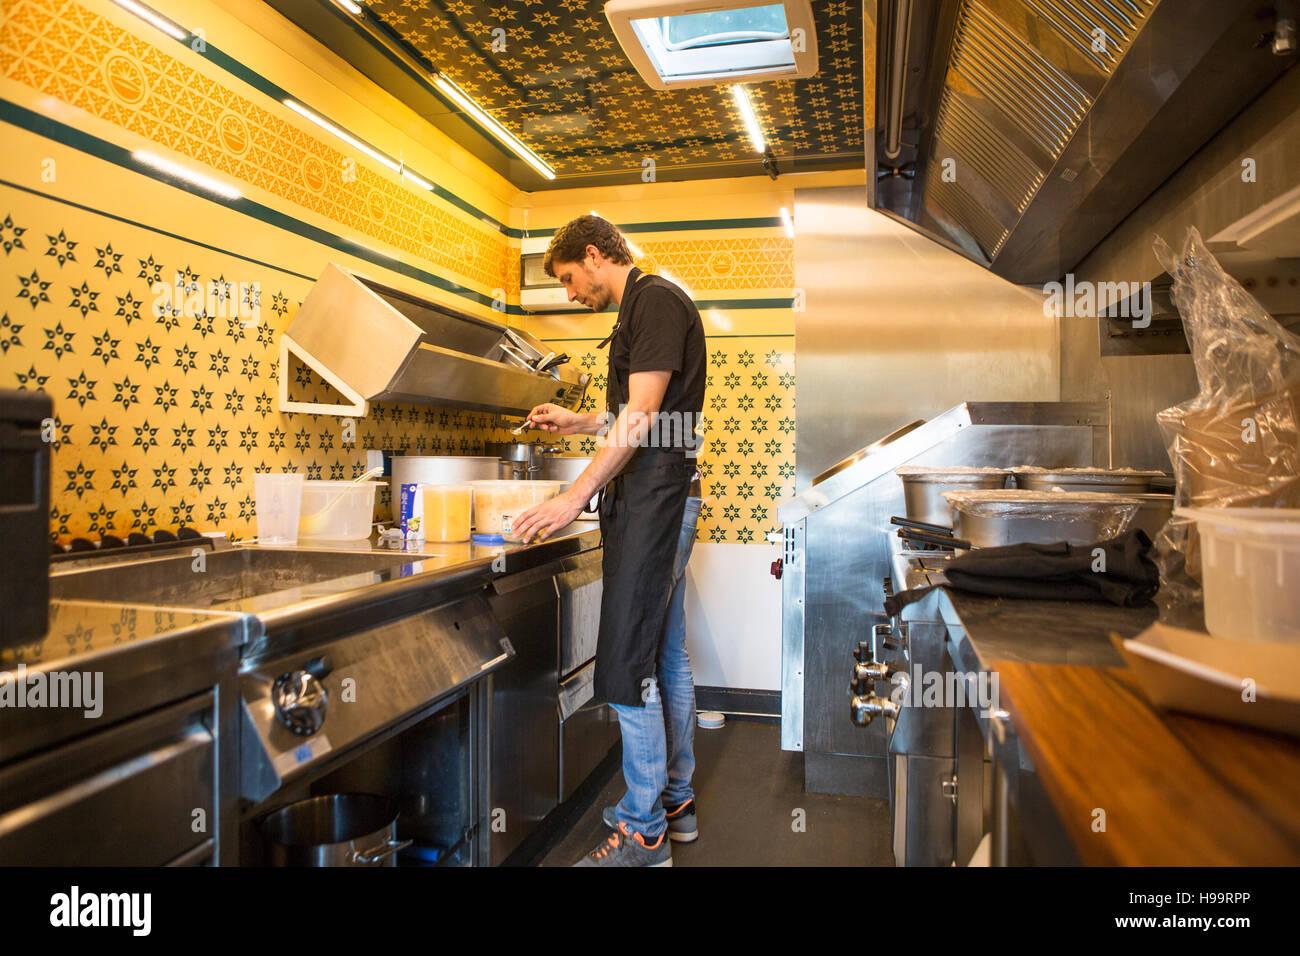 Tablier avec entrepreneur travaillant en cuisine commerciale au camion alimentaire Banque D'Images
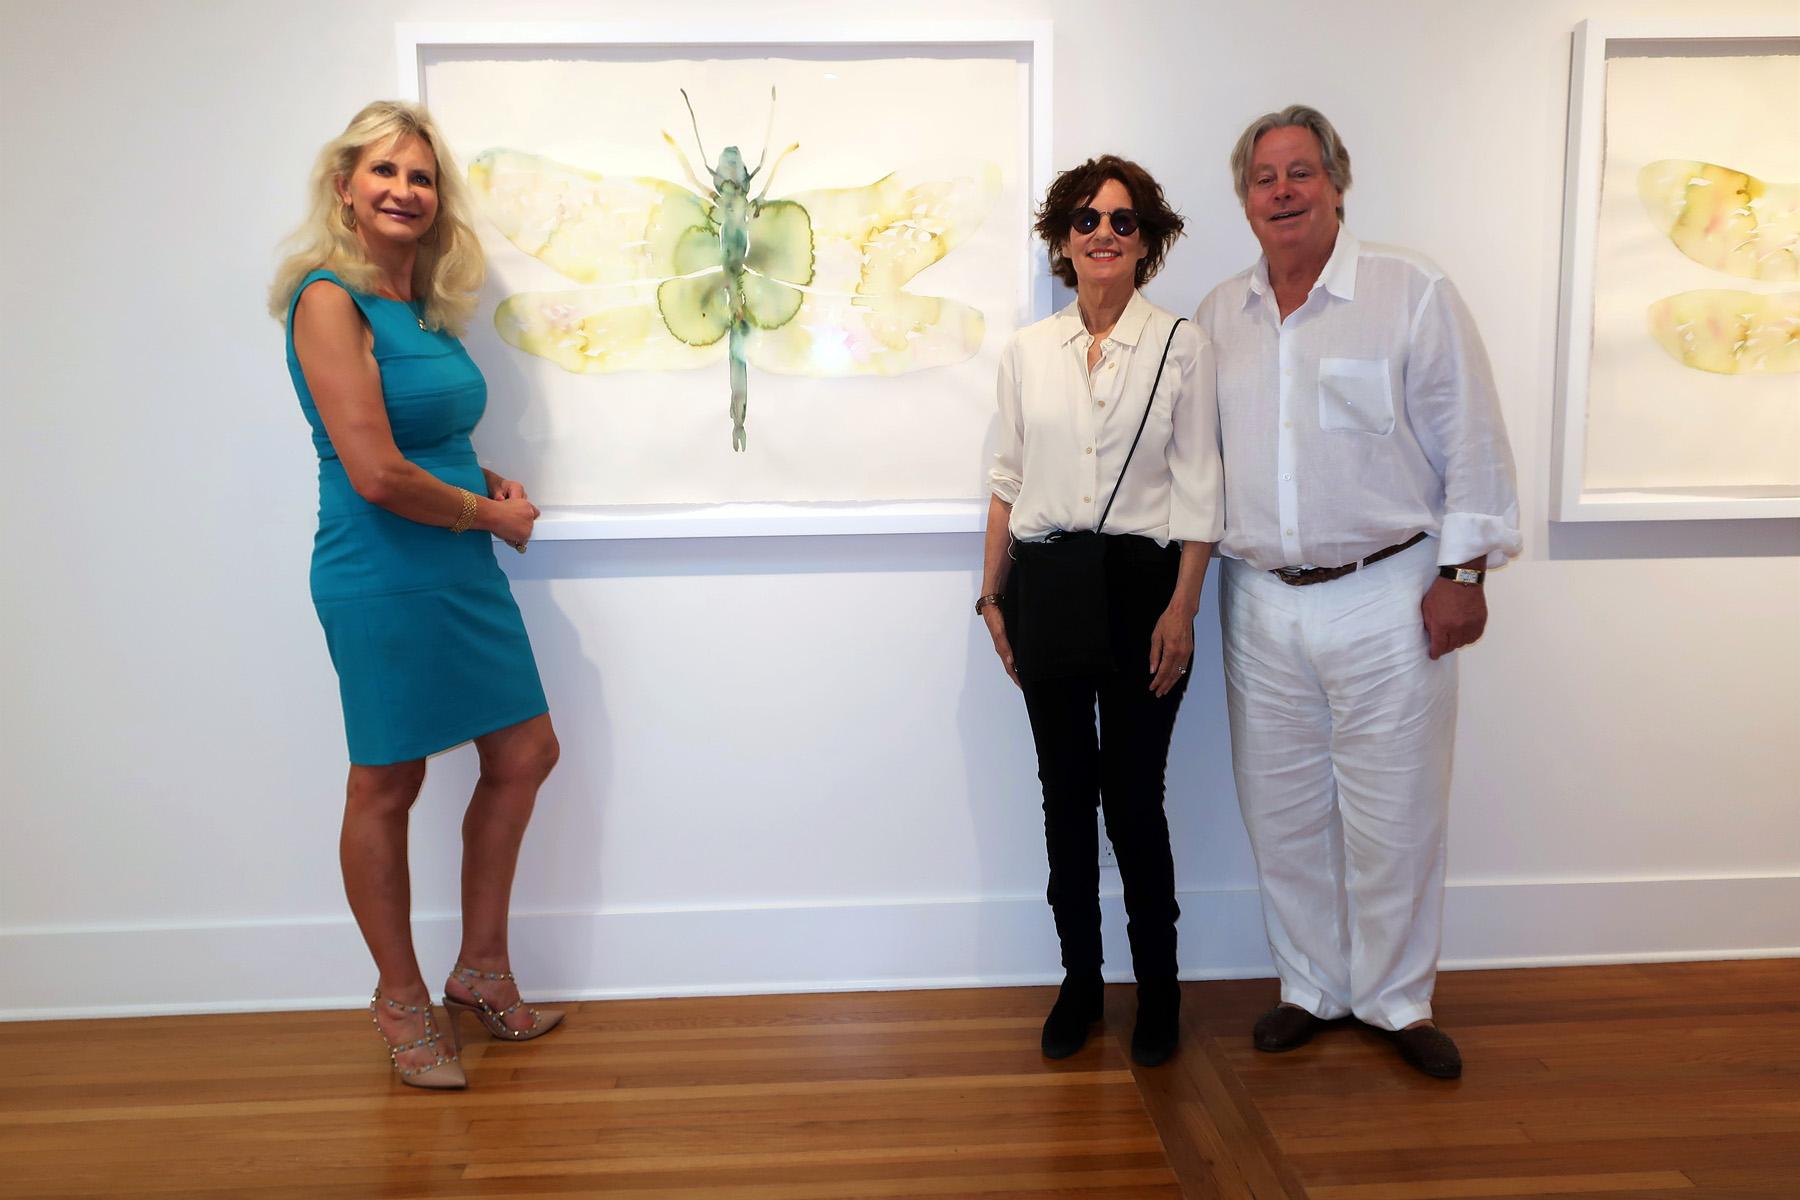 Kim McCarty 2021 Watercolors, Michael McCarty, Sophie Gayot
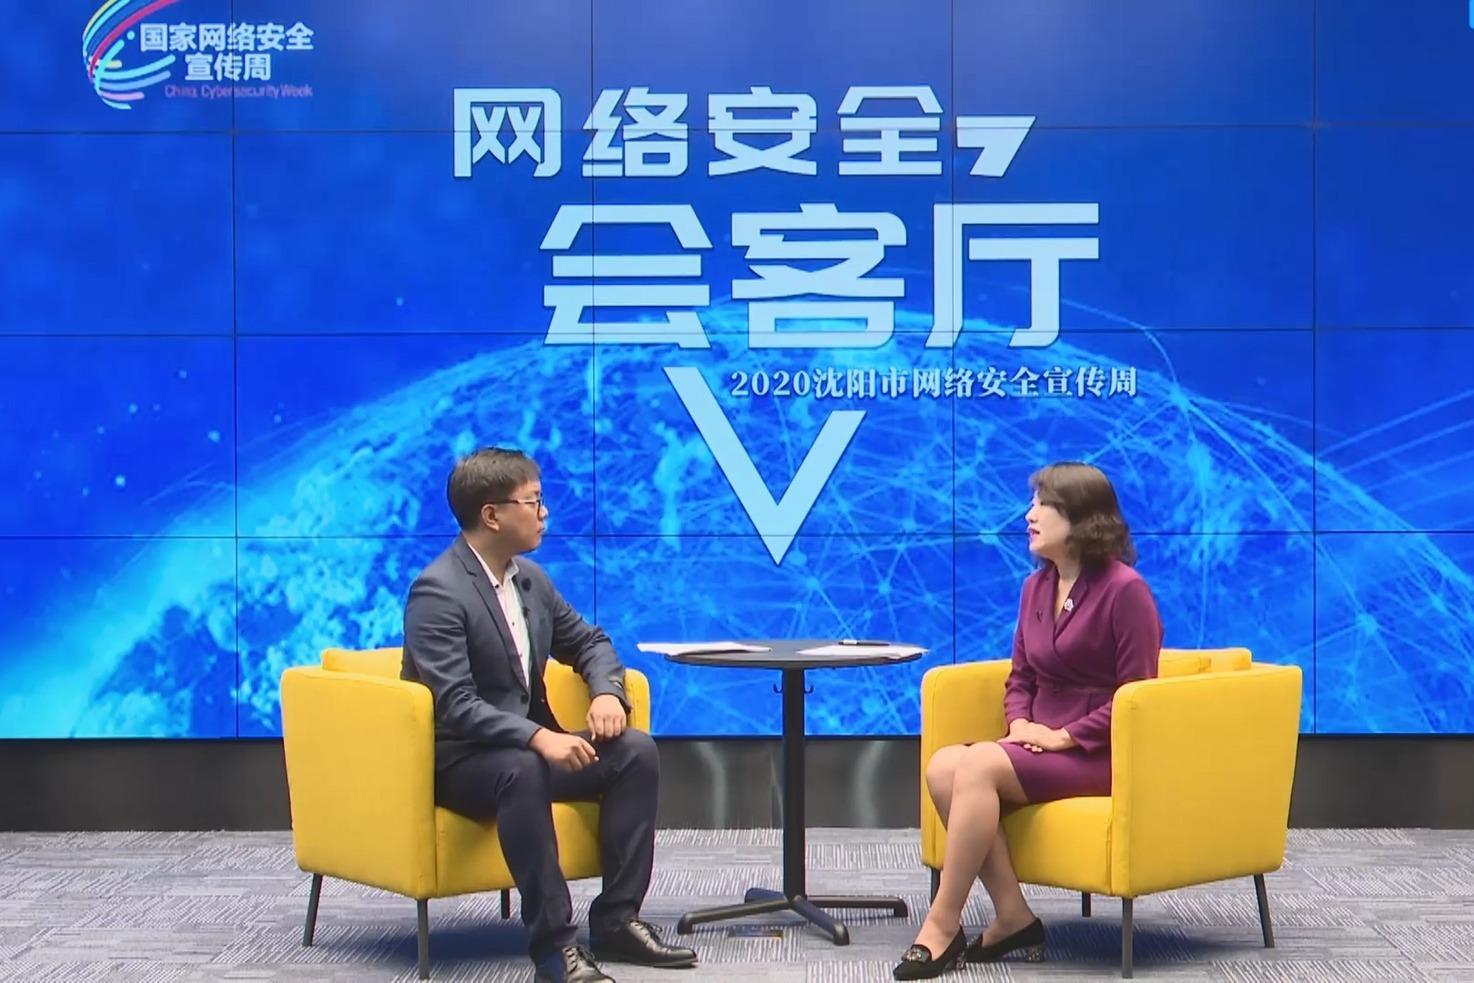 2020沈阳网络安全会客厅-沈阳市妇联副主席孙野

TASK ITEM:
Without the pictures, give every line of the data again, exactly as written.

WRITTEN RESPONSE:
 Tablier avec entrepreneur travaillant en cuisine commerciale au camion alimentaire Banque D'Images
 Kim McCarty 2021 Watercolors, Michael McCarty, Sophie Gayot
 2020沈阳网络安全会客厅-沈阳市妇联副主席孙野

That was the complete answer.